Input data

___

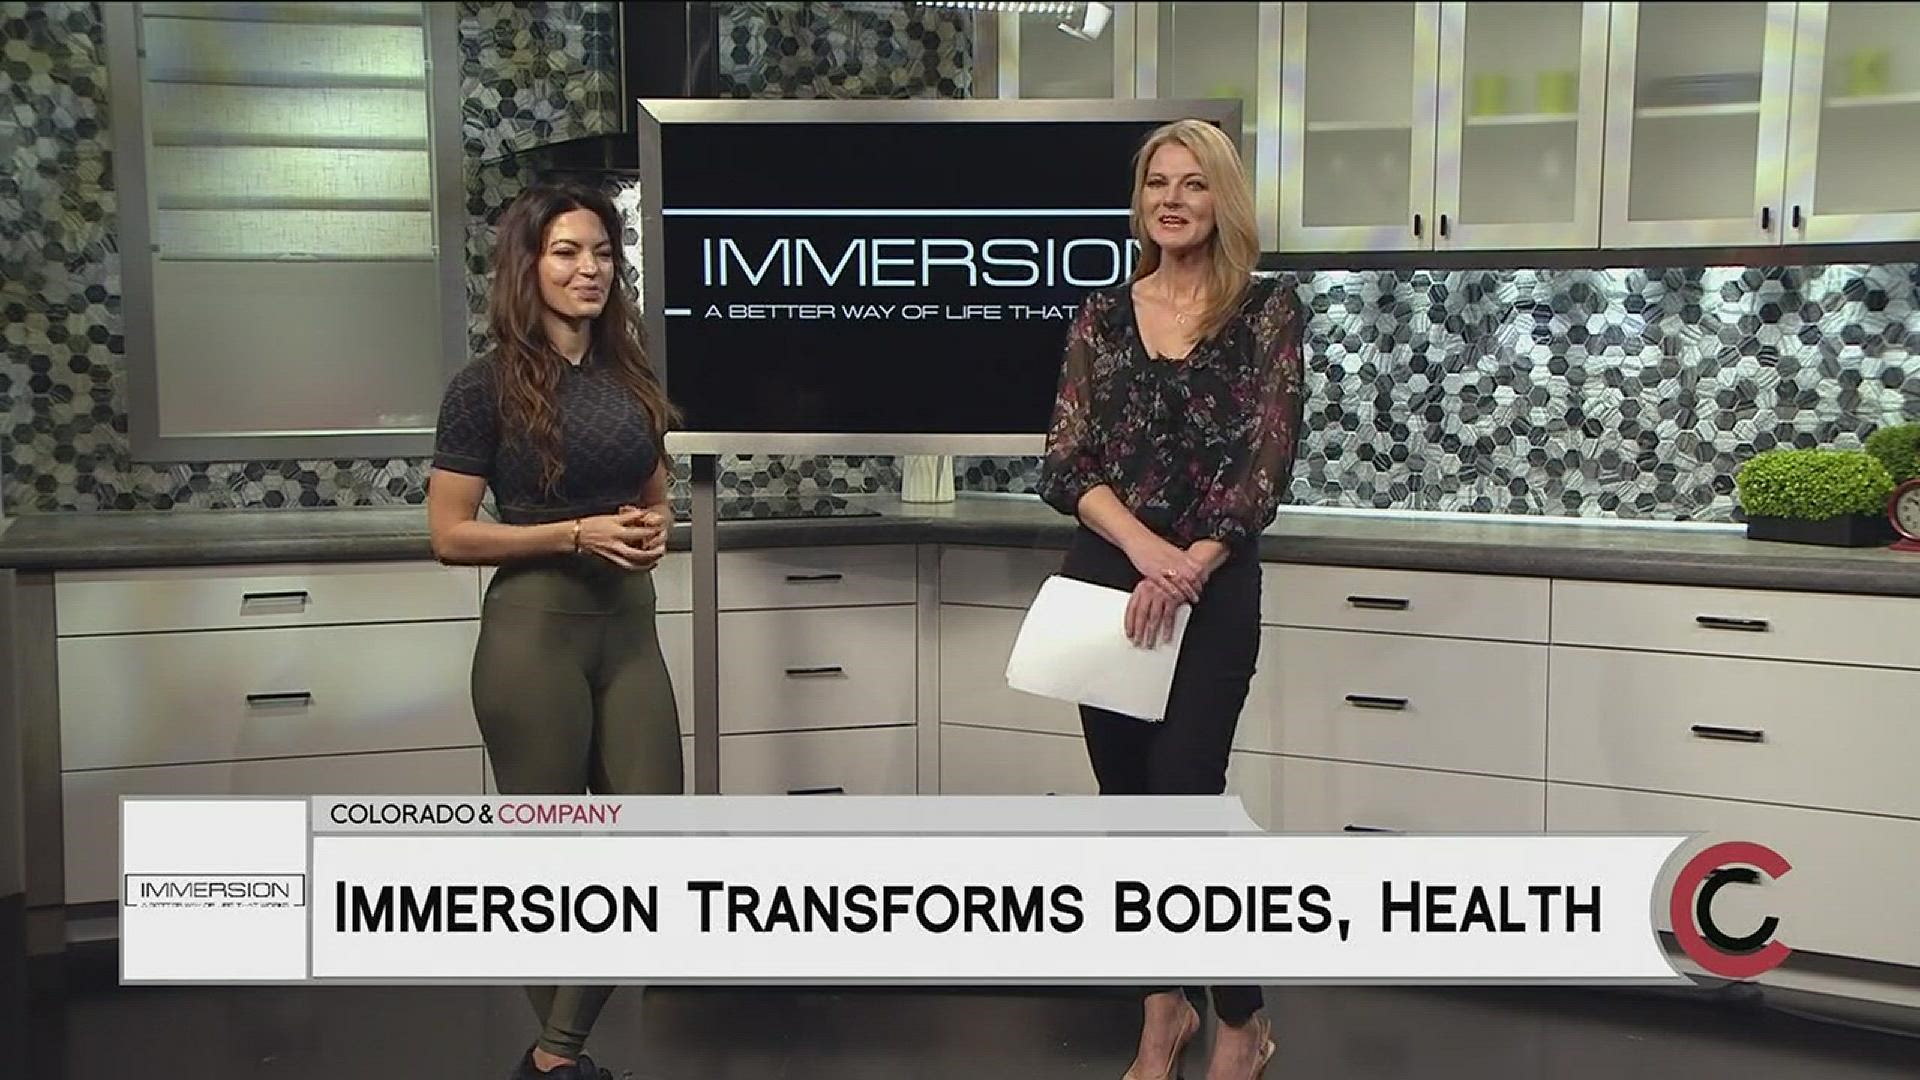 Join Ashley Shoultz and her team at Immersion to find the support and results you’ve always wanted. Check out www.ThisIsImmersion.com and enter code FIT 4 GOOD and get 25% off the first month of membership, and a free 30-minute phone consultation with Ashley. This offer is for new members only. 
THIS INTERVIEW HAS COMMERCIAL CONTENT. PRODUCTS AND SERVICES FEATURED APPEAR AS PAID ADVERTISING.
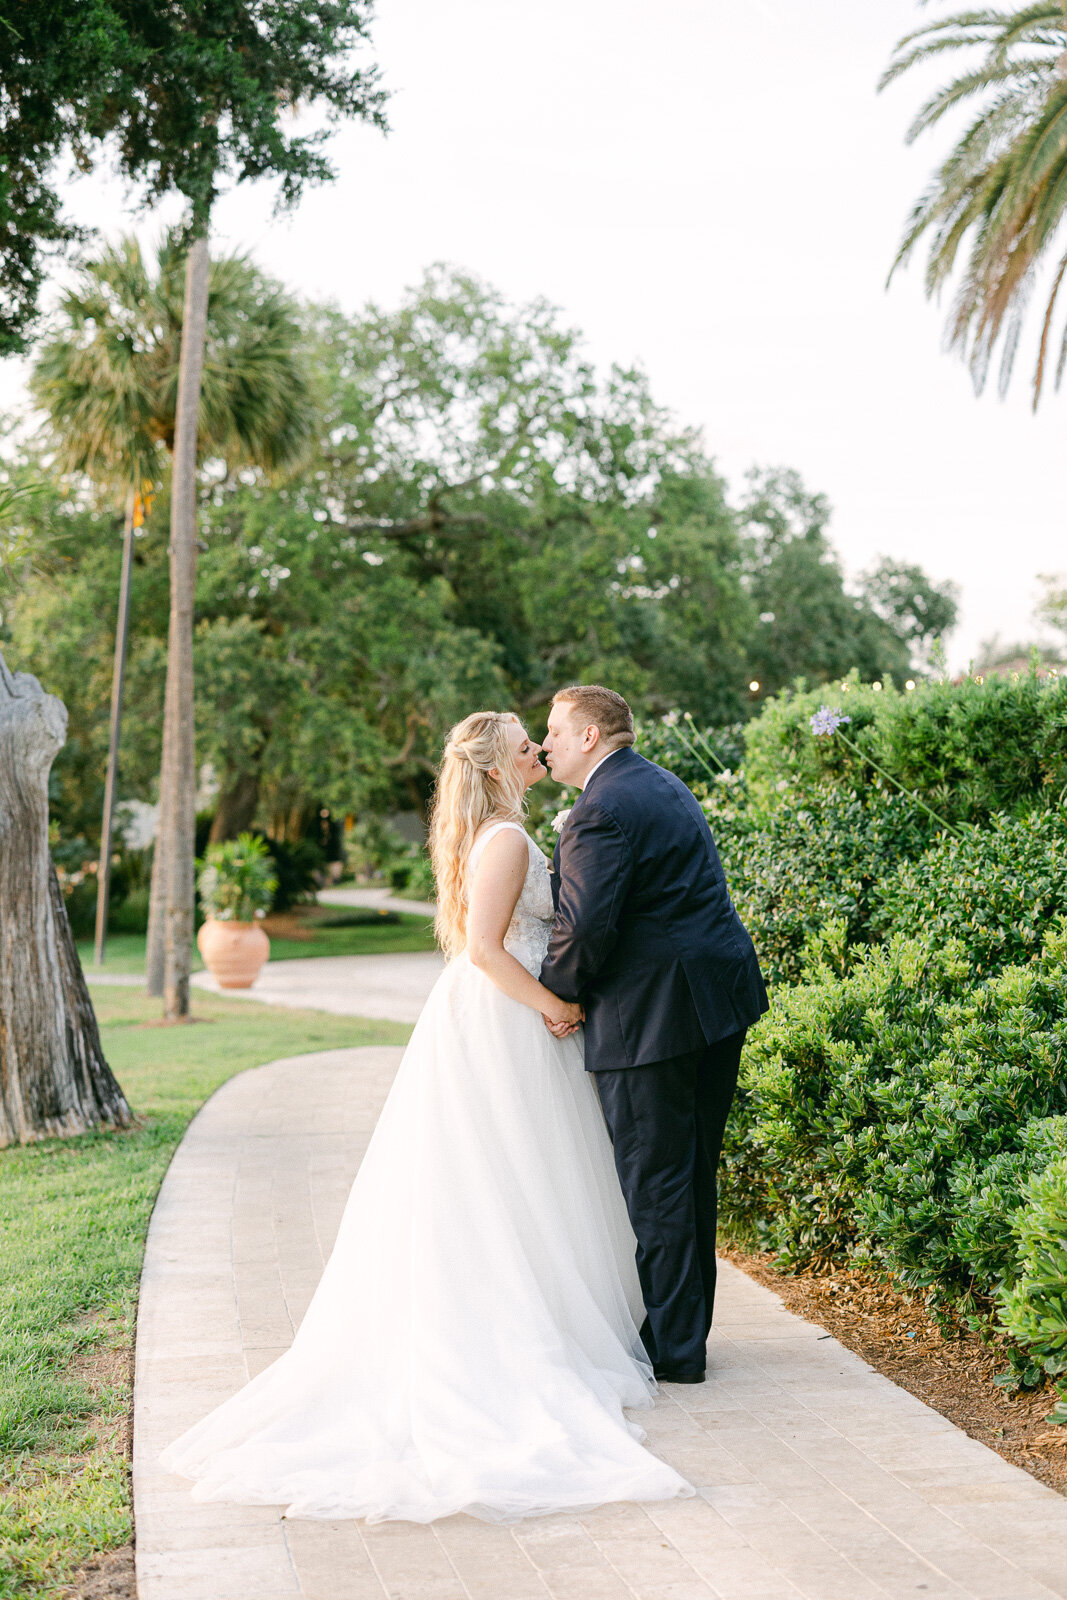 sea island wedding photography - intimate elopement - Darian Reilly Photography-65

___

Task statement
Restate the listing word for word, pictures excluded.

Task solution
 Join Ashley Shoultz and her team at Immersion to find the support and results you’ve always wanted. Check out www.ThisIsImmersion.com and enter code FIT 4 GOOD and get 25% off the first month of membership, and a free 30-minute phone consultation with Ashley. This offer is for new members only. 
THIS INTERVIEW HAS COMMERCIAL CONTENT. PRODUCTS AND SERVICES FEATURED APPEAR AS PAID ADVERTISING.
 sea island wedding photography - intimate elopement - Darian Reilly Photography-65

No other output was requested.